Philosophica: International Journal for the History of Philosophy

Volume 9, Issue 17/18, April/November 2001

António Pedro Mesquita
Pages 103-149

O Problema da Definição do Acidente em Aristóteles

The present article aims to clear up three different, though connected, questions: 1st. The significance of the double definition of ‘accident’ in the Topics. 2nd. The significance of the distinction be tween two types of accident (‘strict’ accident and per se accident) in the Posterior Analytics and in the Metaphysics, namely in its alleged relationship with the double definition of ‘accident’ in the Topics. 3rd. The meaning of per se accidents within the framework of the predicables, namely from the point of view of its putative identification with propria predicates. In the course of the analysis, the answers given to these three questions are the following (in inverse order to their presentation): 1. By definition, the same predicate can never be a per se accident and a proprium, except incidentally, namely when regarded ‘at a certain moment’ (pote) or ‘in relation to something else’ (pros ti).
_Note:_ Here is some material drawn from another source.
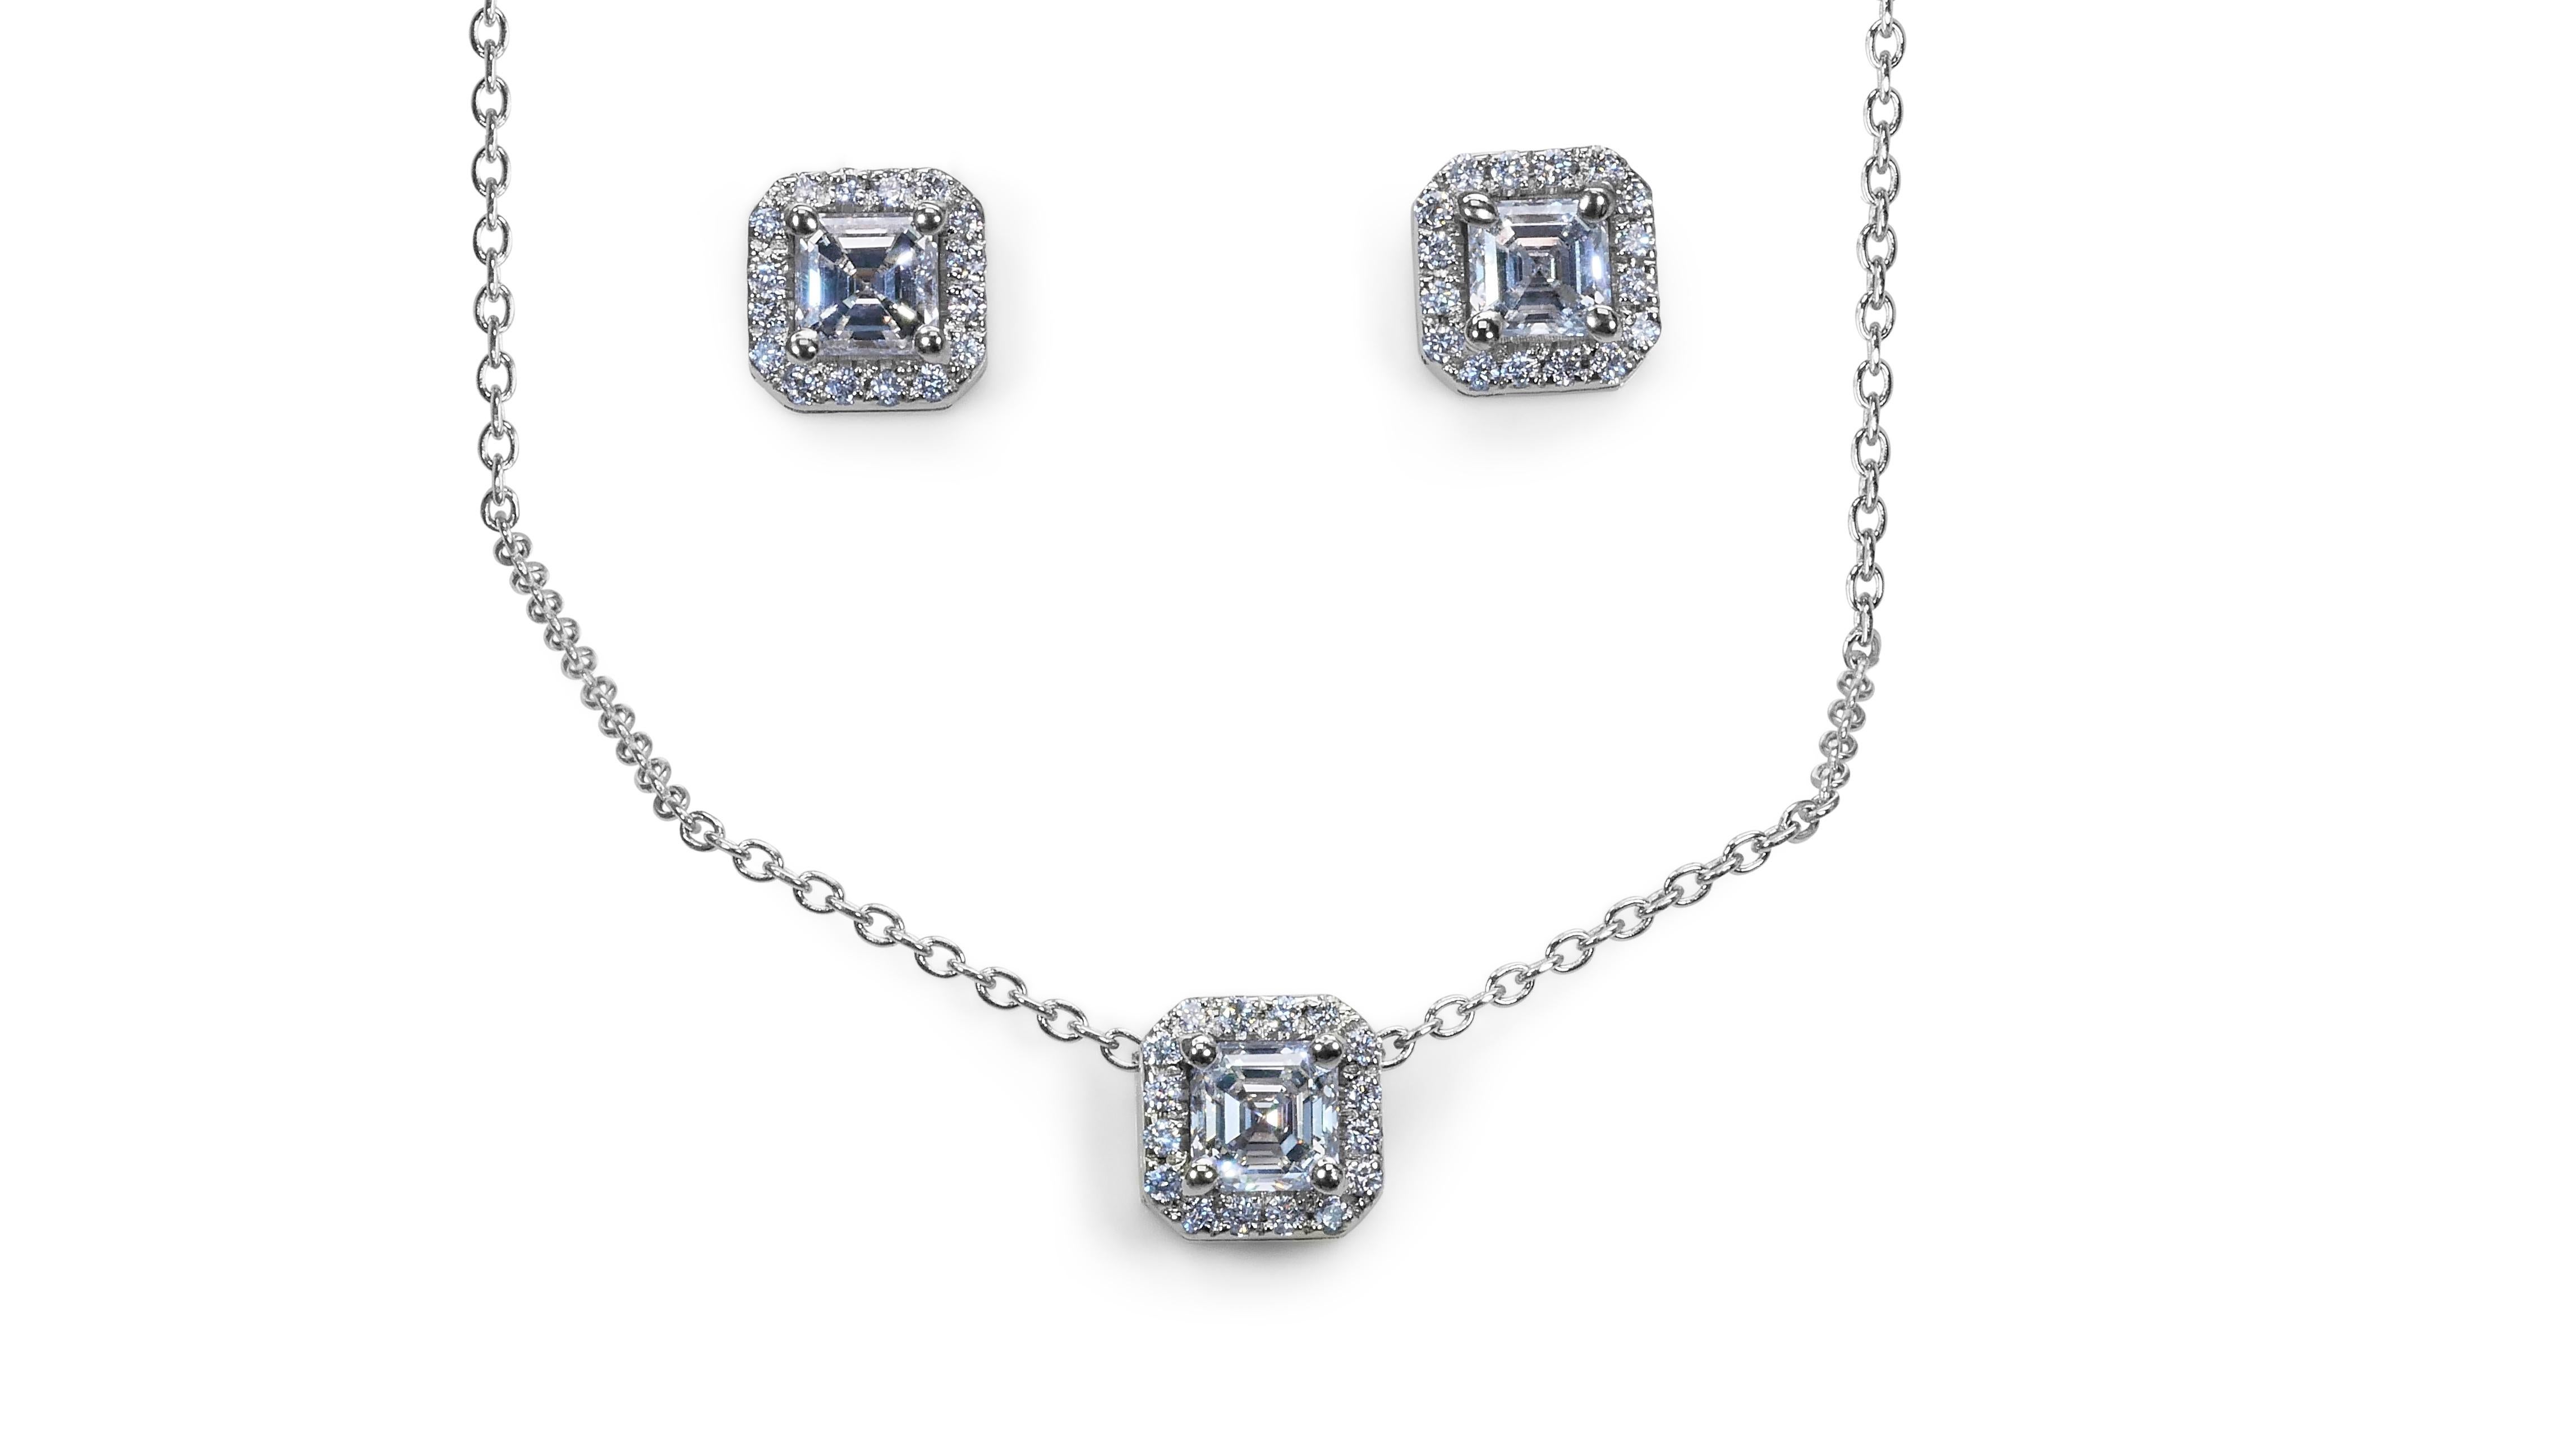 Emerald Cut 18k White Gold Set of Necklace and Earrings W/ 1.2 Ct Natural Diamonds IGI Cert

In fact, despite Aristotle’s silence about the status of per se accidents within the framework of the predicables, they have there its own peculiar logical location, namely under the first definition of ‘accident’. 2. The distinction between ‘strict’ accident and per se accident, on the one hand, and the double definition of ‘accident’, on the other, do not coalesce, though they partially overlap. The second definition of ‘accident’ in the Topics subsumes only ‘strict ’ accidents, while the first definition is generally valid for ‘strict’ accidents and per se accidents. 3. As far as an educated guess can go on historical matters, we can suppose that the second definition of ‘accident’ was conceived by Aristotle to cover the only kind of accidents recognised by him when writing the Topics, while, by that time, the first definition was thought merely as a alternative negative definition. However, it is the schema provided by the first definition that allows a precise technical definition of the two types of accidents, which nowhere can be found in Aristotle texts. In the final part of the article, we try to reconstruct this technical definition.